With regards to the US medical system, the boom in medical tourism will radically (and painfully) transform our system. I see all the things you talk about in your post coming true as a result of being able to go abroad to get better comfort and better care both for less money. Competing with that will create a trickle down effect where the non-surgical "little" things will also benefit.
Bruce Yang
www.20somethingsuccess.com
- Posted by Bruce Yang
August 19, 2008 2:11 PM
Accepting the technology-enabled shifts in the doctor-patient relationship, what remains to be seen is the impact of those shifts on healthcare cost, quality, availability, and outcomes – the compelling drivers for the emergence of new business models to support the “democratization of knowledge.”

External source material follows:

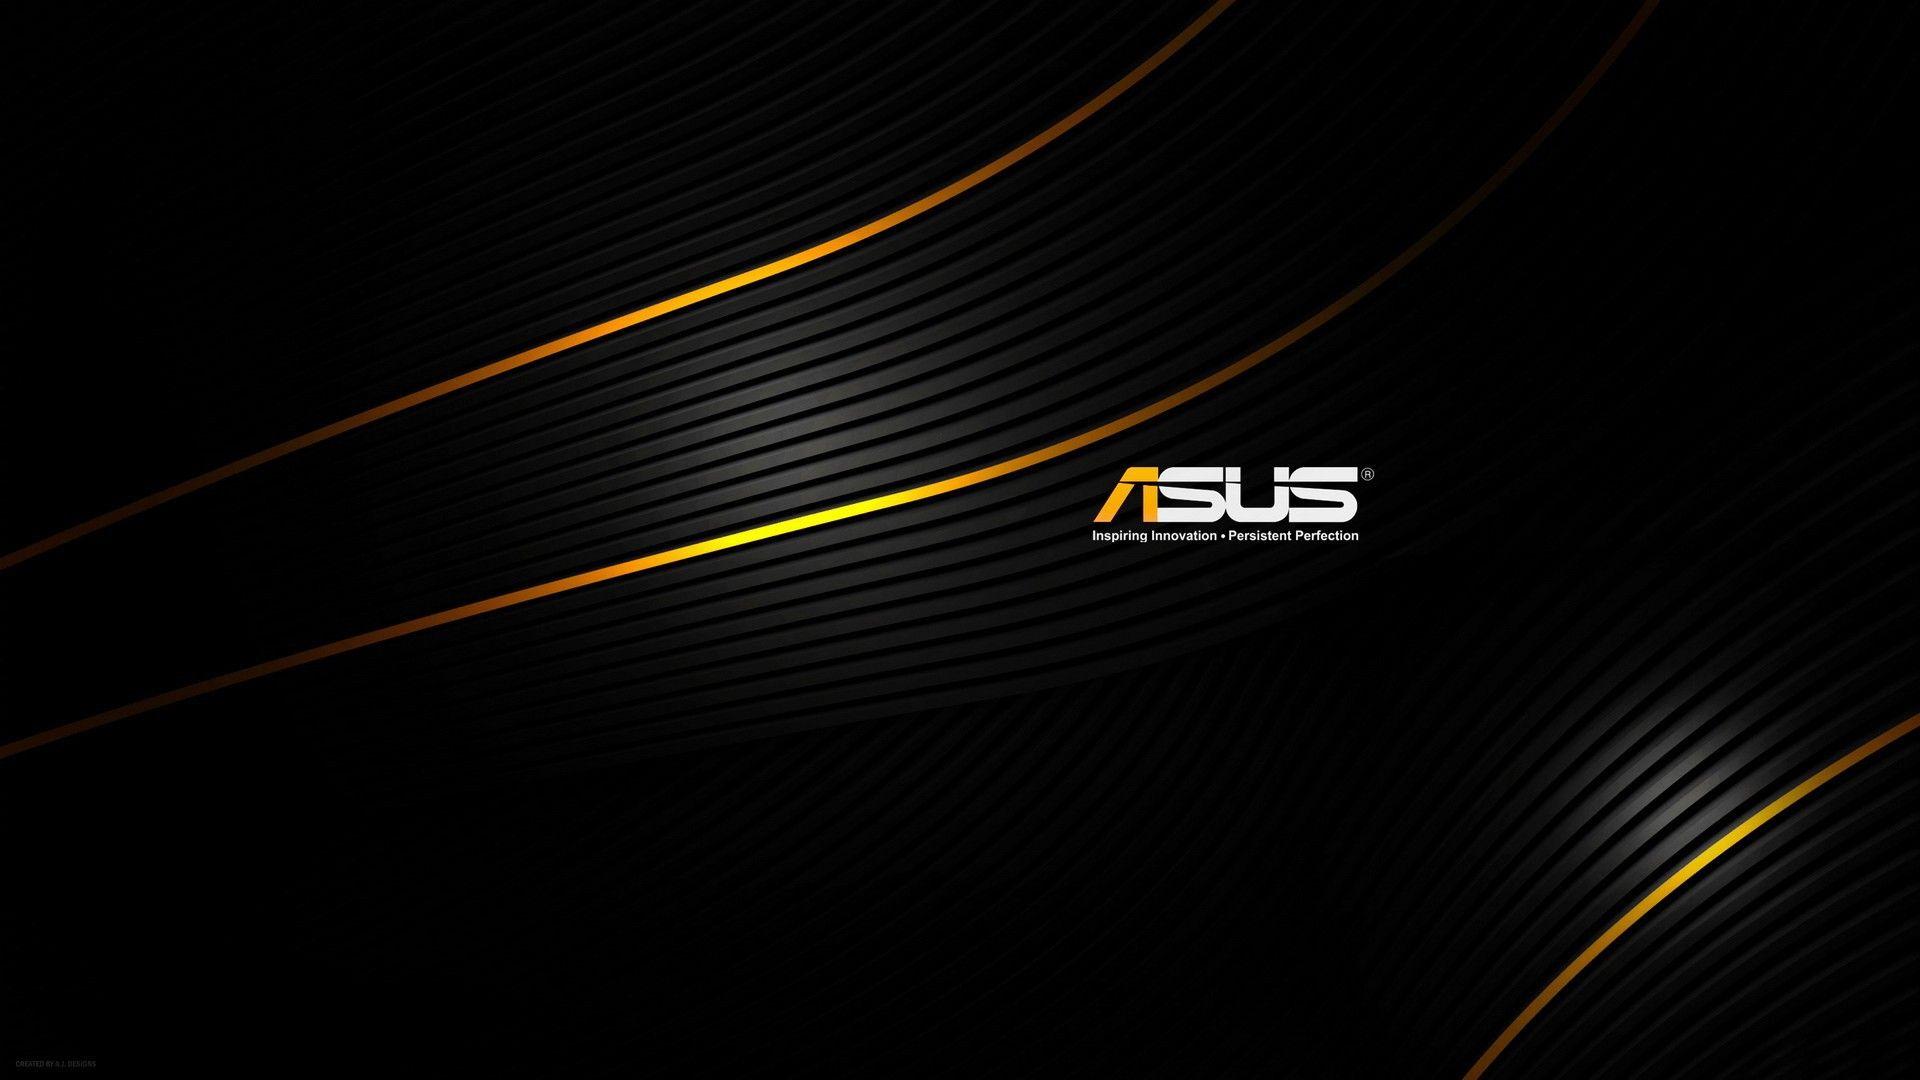 Asus Wallpaper Hd: Asus Windows 10 Wallpaper HD
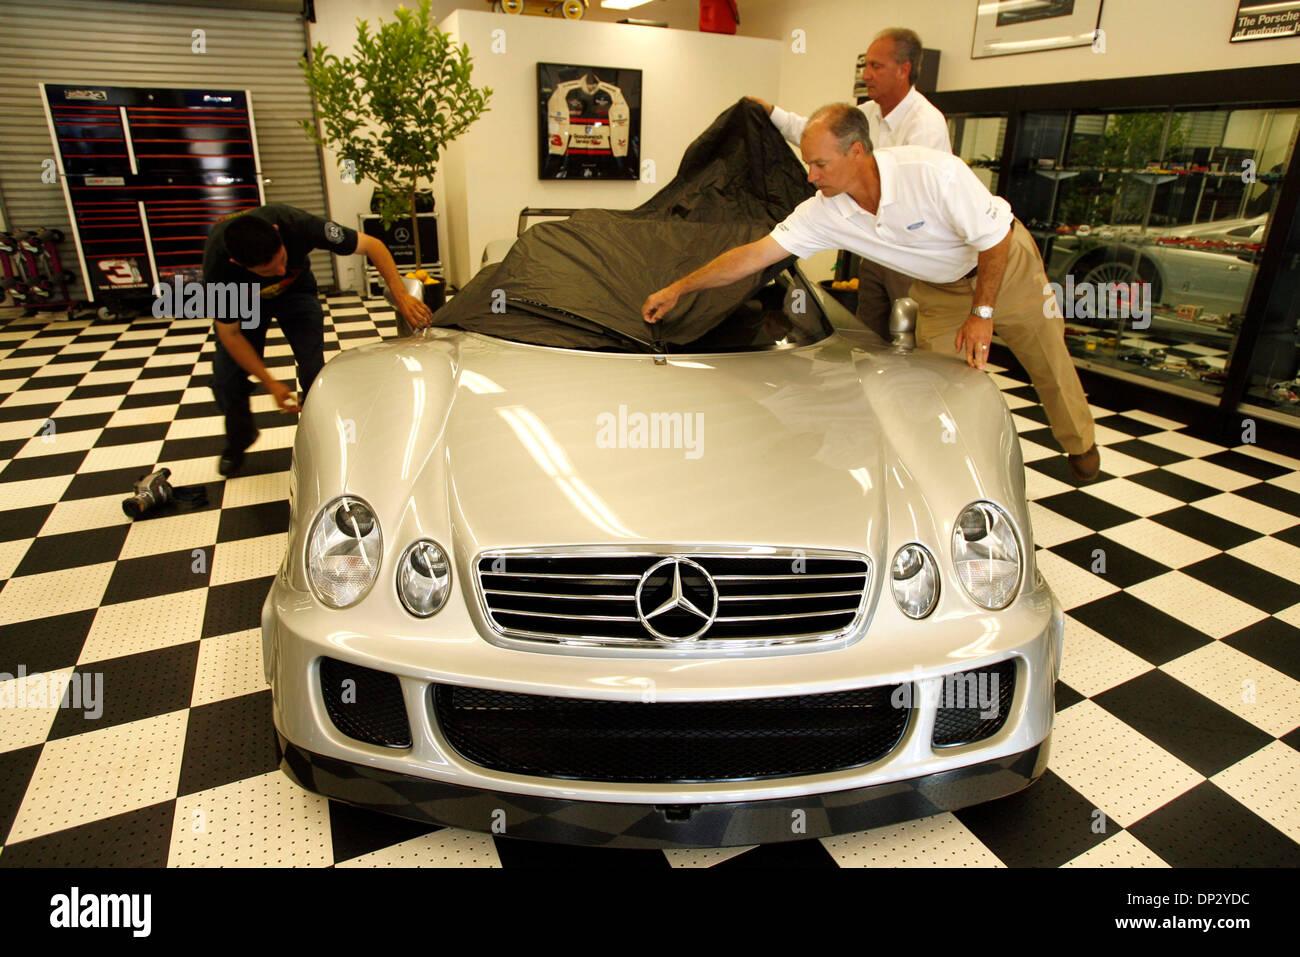 Jun 14 2006 Los Angeles Ca Usa Exotic Car Dealer Mark Johnston

Patients not only self-diagnose; they ask for brand-name drugs to treat their symptoms. The combination of online patient communities, the accessibility of health-related information, and direct-to-consumer advertising (online and offline) has already created an environment where patients may know as much or more about current treatment trends as their physicians.
I believe that informed healthcare consumers make better choices, and there are a lot of similarities between the TurboTax example and healthcare – increasing complexity, direct financial impact, and the interpretive “art” (as opposed to science) of the practice. The unfortunate difference is that tax rules apply equally (though not necessarily equitably) to everyone, whereas medical science has now shown that one person’s medicine is quite possibly another person’s poison. Does the democratization of medical knowledge enable or discourage the democratization of costs, risks, and outcomes? In the case of tax software it does; in the case of healthcare, maybe not.
I suspect the answer lies in the middle, with more informed consumers making more informed decisions about how to spend their healthcare dollars, but more informed medical practitioners leveraging more sophisticated analytics and engaging online and face-to-face with their patients to provide more informed consultations.
Jason Burke
http://www.sas.com/industry/healthcare
- Posted by Jason Burke
August 19, 2008 2:56 PM
The time is ripe for discussion about transformation of delivery of healthcare services. Just last week, the Joint Commission published a white paper on "The Hospital of the Future" which presents a new view of how patient care and outcomes can be improved by reducing and/or mitigating inefficiencies in the process of delivering healthcare. Here is a link to that whitepaper http://www.myhealthtechblog.com/2008/11/the-hospital-of.html
There's no doubt that the only aspect of U.S. healthcare that hits the highest marks globally, is the amount of money spent. Sad but true. I am hoping for a wave of change that reduces costs and inefficiencies while at the same time improves patient outcomes and health. My 2 cents.